American lawyer and politician (1888–1972)

Robert Lee Bobbitt Sr. (January 24, 1888 – September 14, 1972) was an American lawyer and politician. A Democrat, he was a member of the Texas House of Representatives for three terms, including a term as Speaker of the House, and was later the Texas Attorney General.

== Early life, education, and early career ==
Bobbitt was born on January 24, 1888, on a cotton farm near Hillsboro, Texas, one of seven children born to pioneer Joseph Alderson Bobbitt and Laura Abigail (née Duff) Bobbitt. He was named for Robert E. Lee. He worked on the farm as a child, living there until age 22.

After leaving the farm, Bobbitt enrolled in the Carlisle Military Academy. He then studied at the University of North Texas, receiving a teaching certificate (he never worked as an educator). In 1915, he graduated from the University of Texas at Austin School of Law.

While in college, Bobbitt worked in food service, lawncare, and as a clerk at the Texas State Capitol library. After receiving the license to practice law, he established a partnership in Laredo, later working in San Antonio.

During World War I, Bobbitt served in the 90th Infantry Division, enlisting as a private. He was transferred to a Field Artillery Branch facility in South Carolina prior to the 90th Division being sent to France, and thus never saw combat. He rose to the rank of captain and was honorably discharged in 1919. After serving, he joined the law firm Hicks, Phelps, Dickerson, & Bobbitt.

== Politics and later career ==
Bobbitt was a Democrat, serving on the Texas Democratic Centeal Committee from 1920 to 1922. He was a member of the Texas House of Representatives, from January 9, 1923, to January 8, 1929, representing the 75th district. He was unanimously named Speaker of the House, serving from January 11, 1927, to January 8, 1929. He helped block a bill pardoning Governor James E. Ferguson.

While in the House, Bobbitt was chairman of the Judiciary Committee and vice-chairman of the Joint Committee on Sale of State Property, Investigate, as well as a member of the Committees on Appropriations; on Banks and Banking; on Criminal Jurisprudence; on Education; on Game and Fisheries; on Live Stock and Stock Raising; and on Oil, Gas and Mining.

In 1928, Bobbitt became district attorney for Dimmit, Jim Hogg, Webb, and Zapata Counties. He served as Texas Attorney General from September 1929 to January 1931, having been appointed by Governor Dan Moody as intermin attorney general following the resignation of Claude Pollard. He lost the following election for the office to James V. Allred.

In 1931 or 1934, Bobbitt returned to practicing law in San Antonio. He was a member of the partnership Bobbitt, Brite, Bobbit, & Allen. He was a member of the Texas A&M University–Kingsville board of directors. From 1935 until his resignation in 1937, he was an associate justice of the 4th San Antonio Court of Civil Appeals. From 1937 to 1943, he was chairman of the Texas Highway Commission. He was a Presidential elector in the 1944 election. In 1958, he was a member of the University of North Texas Board of Regents, being appointed by Governor Price Daniel.
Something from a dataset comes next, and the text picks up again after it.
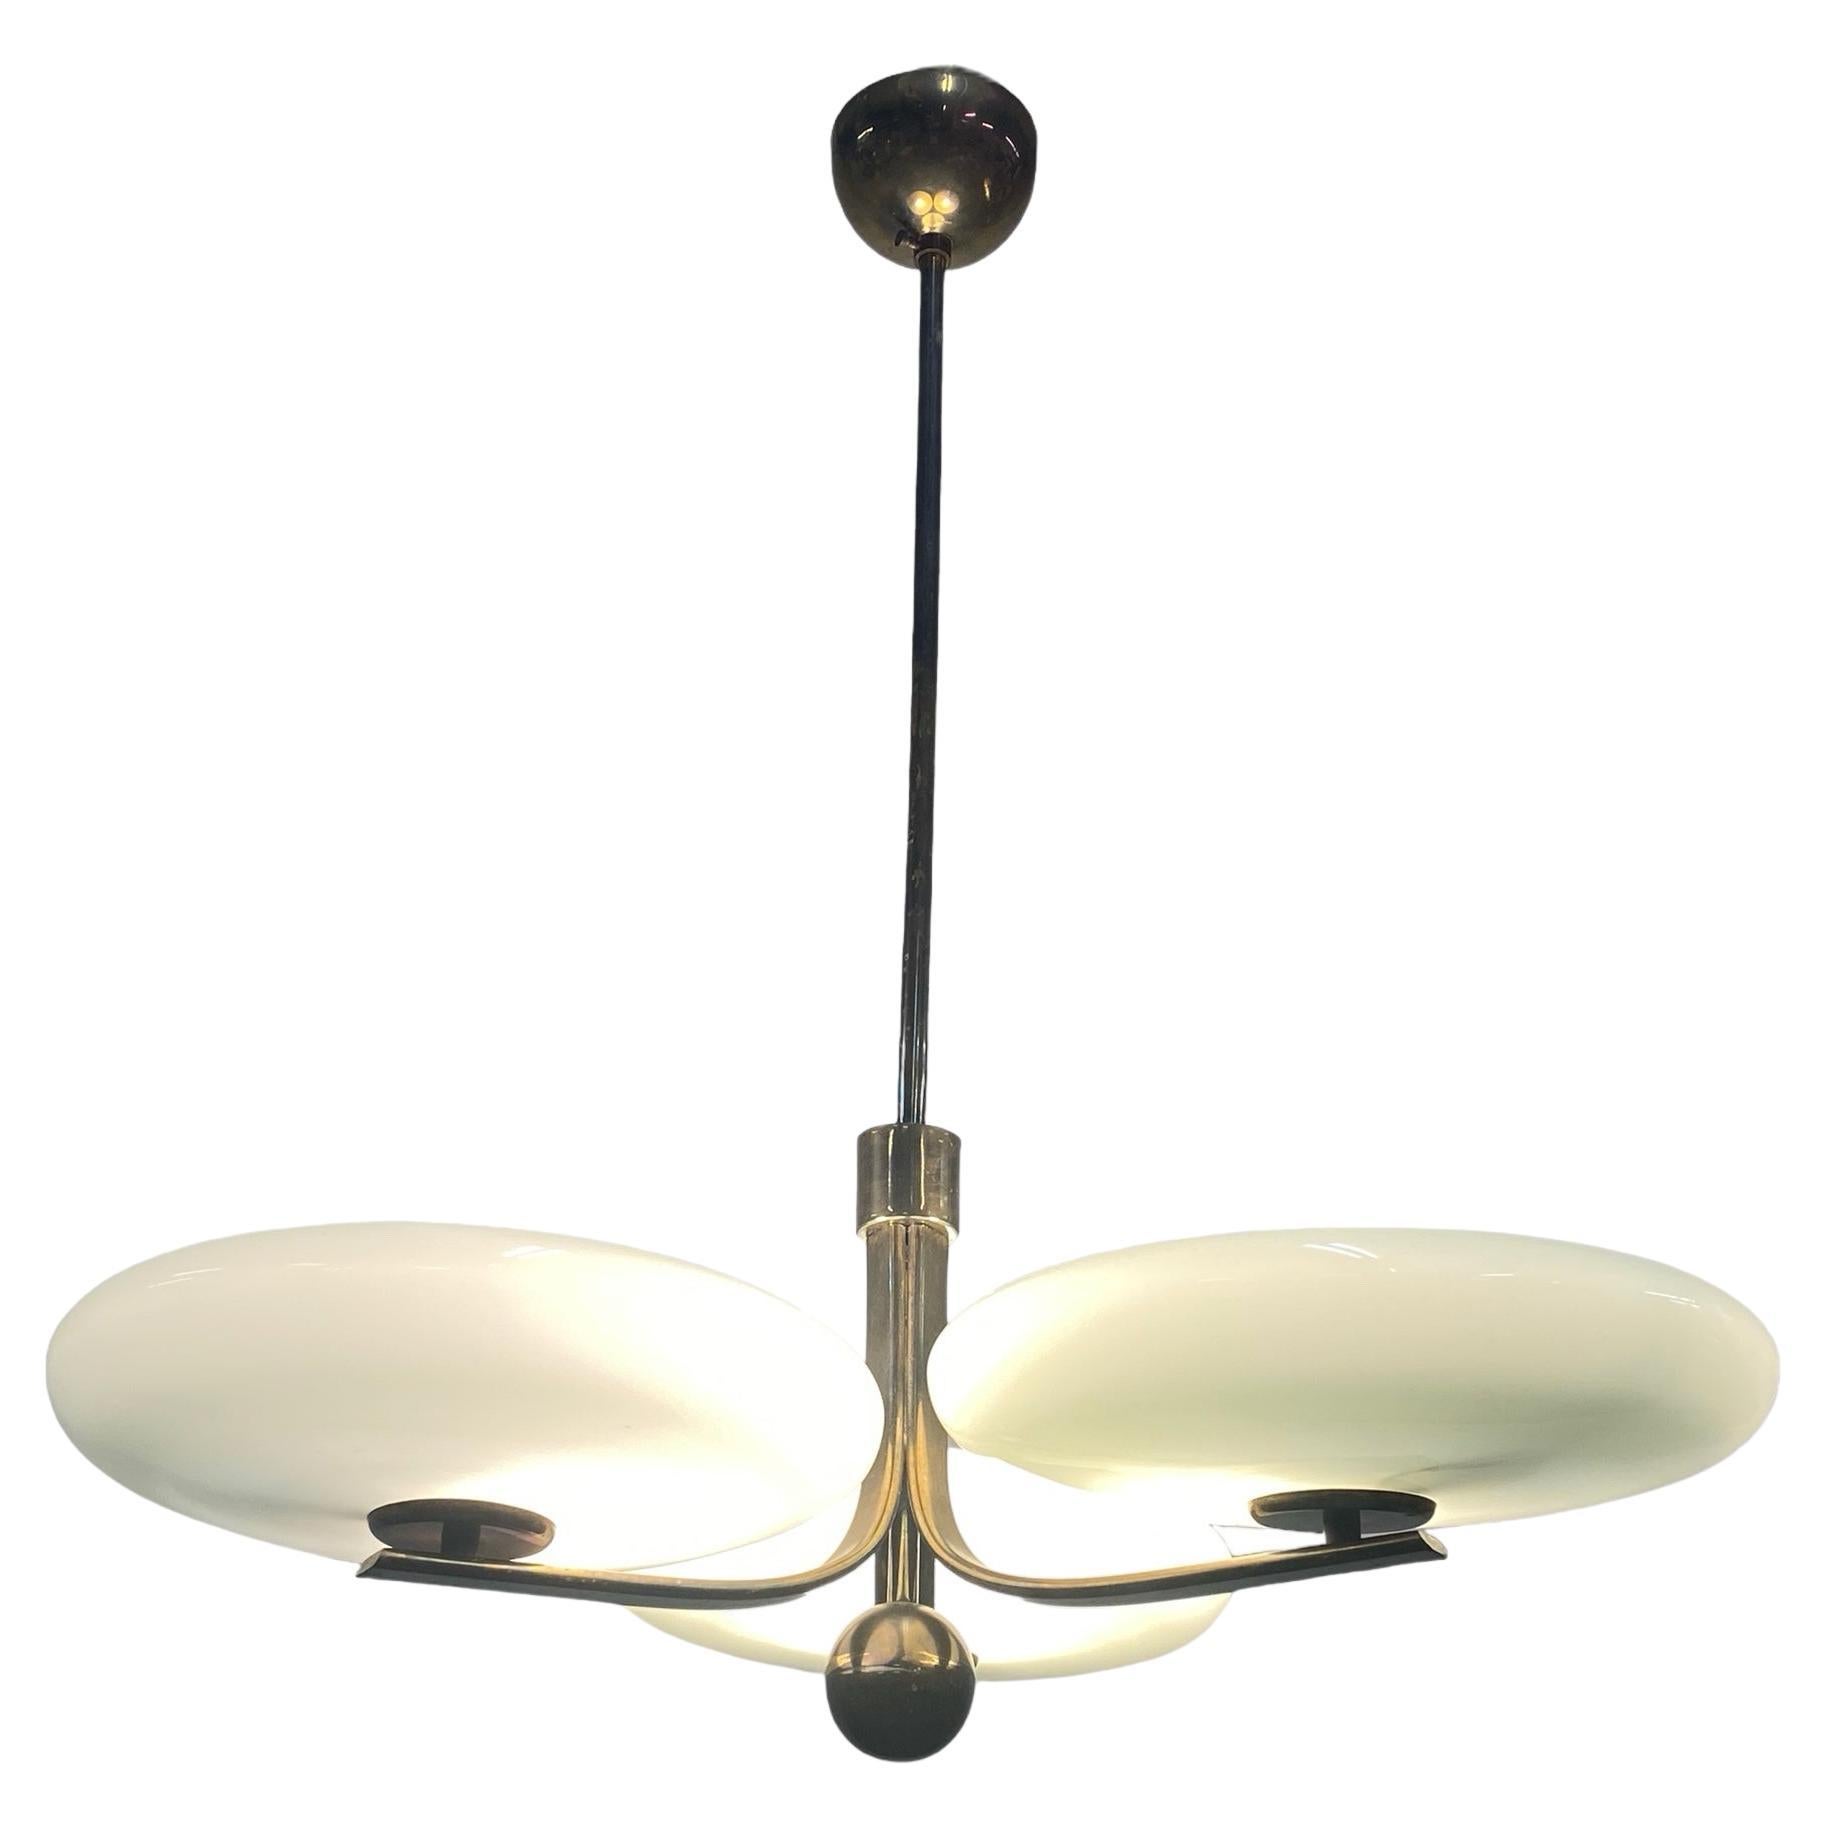 An Early 1930s Paavo Tynell Ceiling Lamp in Full Original Condition

== Personal life and death ==
On April 20, 1918, Bobbitt married Mary Belle Westbrook, the sister-in-law of Laredo mayor Hugh S. Cluck; they had a son together. He was Presbyterian, as well as a member of the American Judicature Society, the American Legion, the Boy Scouts of America, the Newcomen Society of the United States.

Bobbitt died on September 14, 1972, aged 84, in San Antonio, and was buried on September 16, at Mission Burial Park South, in San Antonio. In 1974, the Texas Historical Commission installed a commemorative plaque in Medina County, in his honor.